Graphene Membranes Could Turn Methane From Pollutant To Source Of Power


Stephen Luntz

Stephen has a science degree with a major in physics, an arts degree with majors in English Literature and History and Philosophy of Science and a Graduate Diploma in Science Communication.

Freelance Writer


Graphene's suitability as a filter has led to many exciting possible uses, but the capture of methane from biogas could be the biggest yet, removing a major source of warming gasses and providing a carbon-neutral fuel. Hinkle Group CC By-NC-SA 2.0

The world is concerned about reports of methane erupting from the floor of the Arctic Ocean, but so far the quantities are considerably smaller than what is released from our own landfills and waste. Some of this is captured and burned for clean electricity, but now the wonder material graphene may be about to make that much more widespread.

Methane is produced by anaerobic bacteria, which break down organic material in the absence of oxygen. The wastewater treatment plants of our major cities provide a perfect environment, producing around 25 million tonnes each year.

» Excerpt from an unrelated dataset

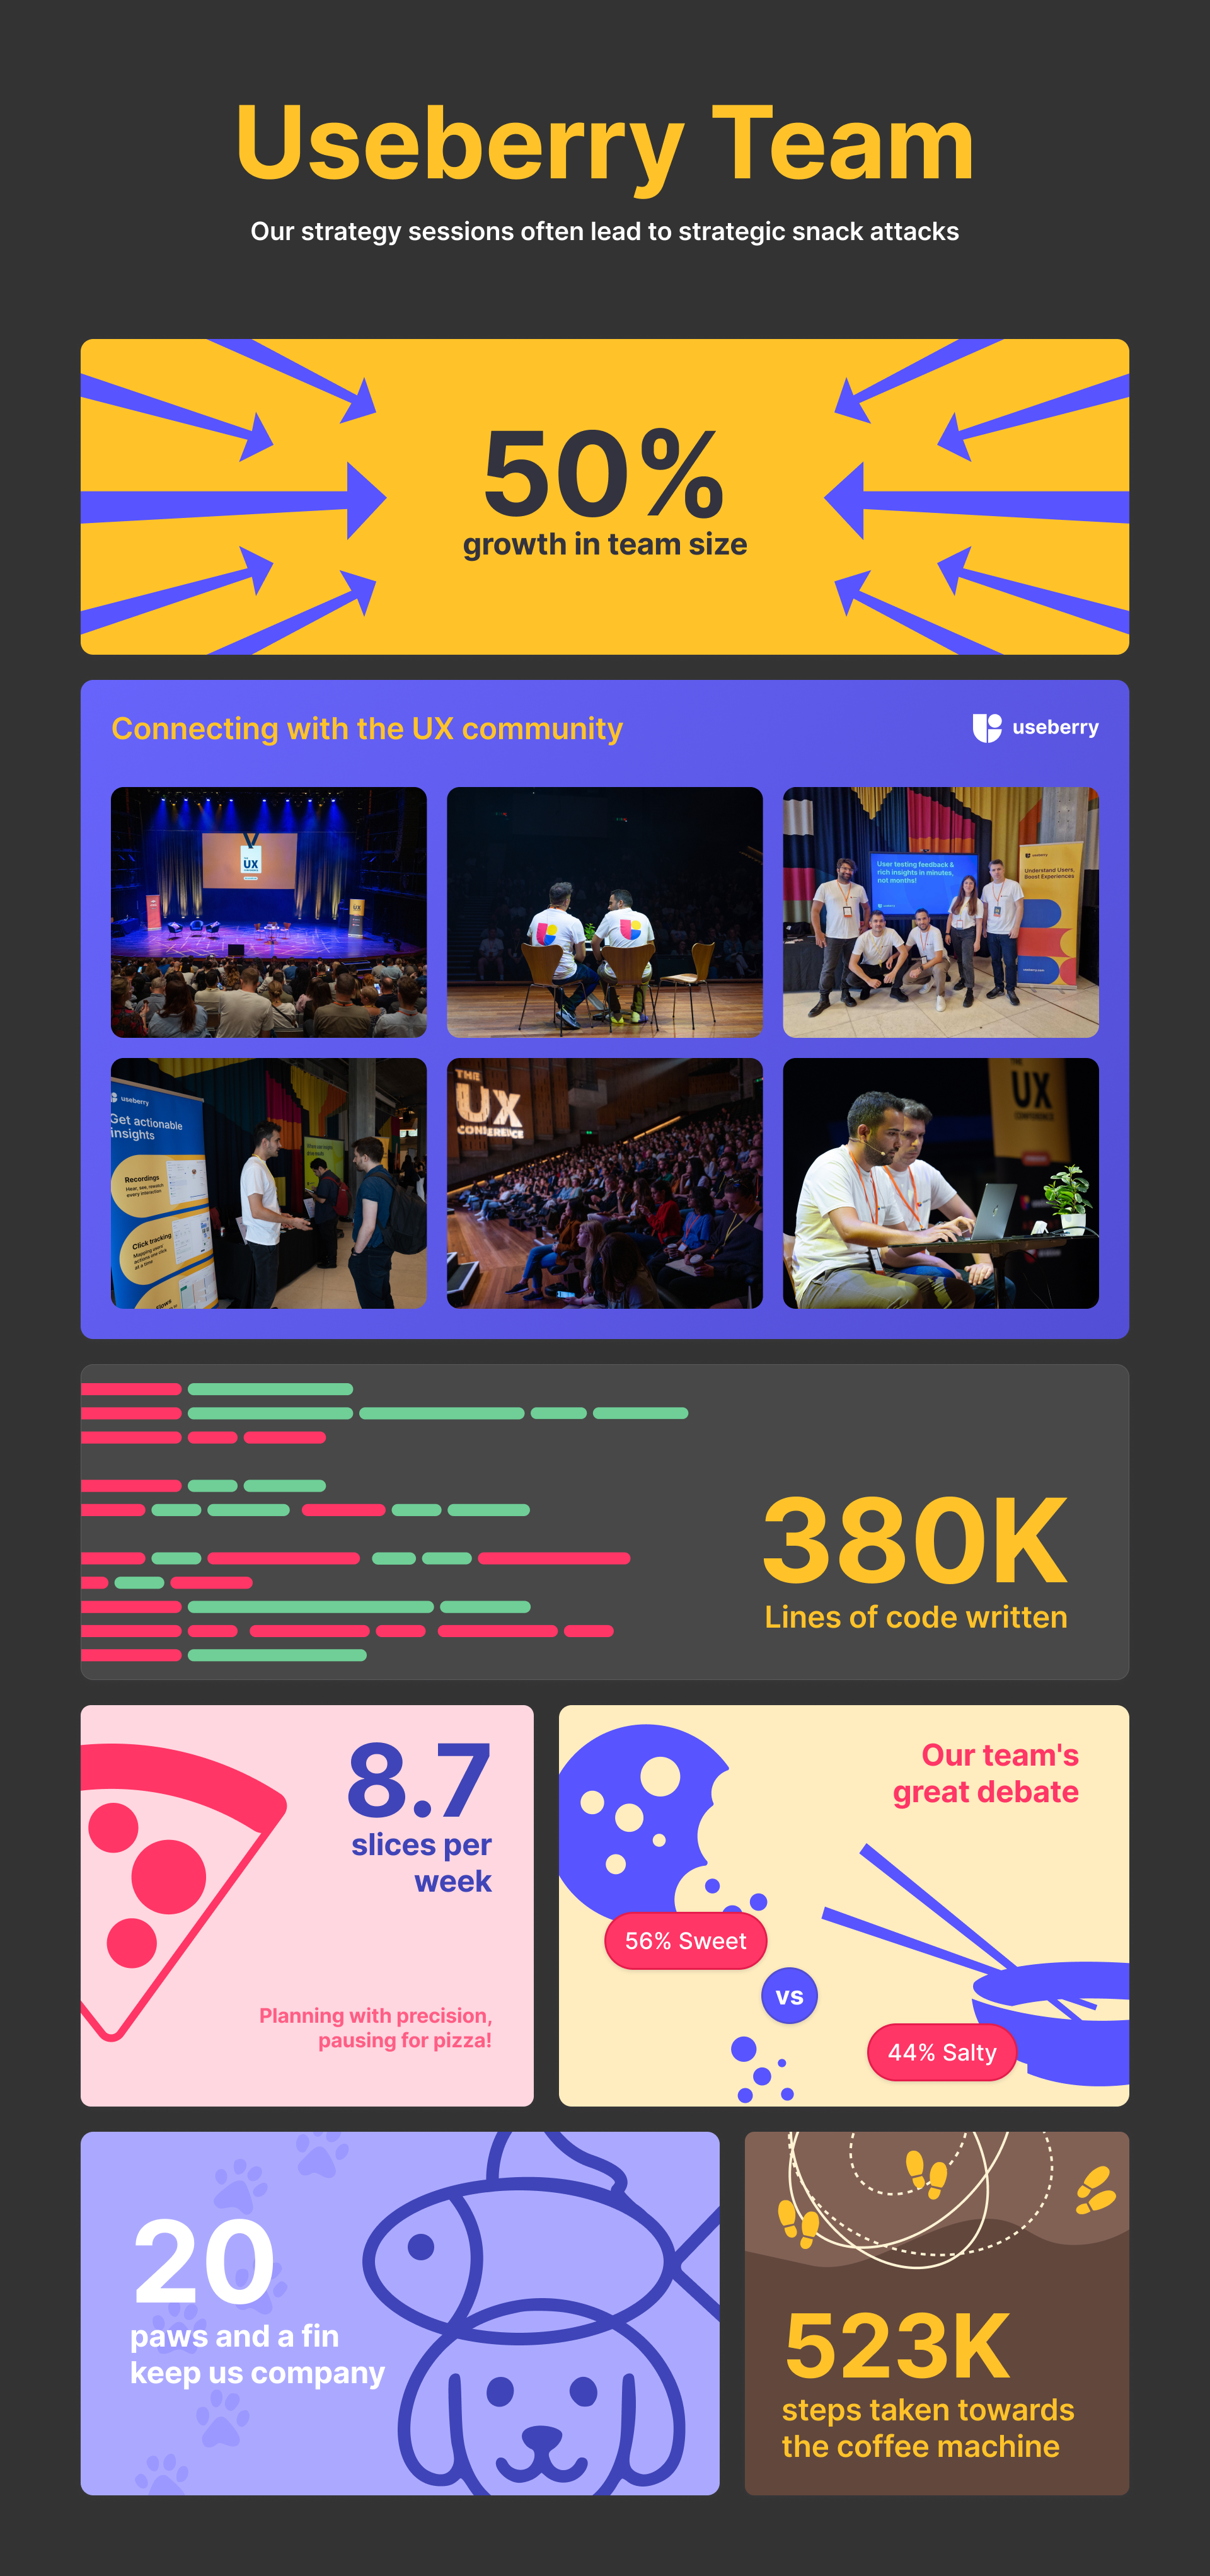 Colorful infographic displaying Useberry Team's stats: '50% growth in team size,' photos from UX community events, '380K lines of code written,' and fun facts like '8.7 pizza slices eaten weekly,' a 'Sweet vs. Salty' snack debate, '20 office pets,' and '523K steps to the coffee machine.' Light-hearted visuals emphasize team culture and productivity.

Capturing and burning this methane prevents it from reaching the atmosphere, where it is a far more powerful greenhouse gas than carbon dioxide. If the energy generated is used, it displaces fossil fuels. However, so-called biogas collected from waste facilities usually contains impurities, notably carbon dioxide, that hinder its use. Dr Rakesh Joshi of the University of New South Wales has demonstrated that graphene membranes can separate methane from other gasses more effectively than existing systems, potentially making the collection and burning of waste methane viable where it currently isn't.

Ironically, Joshi didn't start out working on methane. Instead, he was attempting to use graphene (single layers of carbon in a hexagonal lattice) to help Sydney Water improve their water purification process to remove organic material from its wastewater and make it drinkable. Joshi has demonstrated the capacity of graphene to take out 99 percent of the impurities other water processing techniques left behind.

In the process, Joshi realized Sydney Water was also filtering its biogas to power its own operations and wondered if graphene could do a better job by tuning the size of the holes in graphene's honeycomb structure. Not only did he confirm this, but he told IFLScience that graphene membranes are cheaper to make than existing options.

Although it produces carbon dioxide when burned, methane from wastewater ultimately comes from breaking down plants that draw equal amounts of carbon from the atmosphere, making it a greenhouse neutral energy source that can balance out renewable electricity grids during periods of low sun and wind.


So far, the effectiveness of the technique has only been demonstrated at laboratory scale, but Sydney Water's Dr Heri Bustamante is hopeful: “The use of graphene will enable increased capture of methane to expand potential uses beyond the requirements of Sydney Water. Production of methane to fuel buses could be a potential future use, for example,” he said in a statement

The inventors are thinking even bigger. Joshi told IFLScience the idea of capturing gas produced by natural wetlands and separating out the methane “is also a goal for the future.”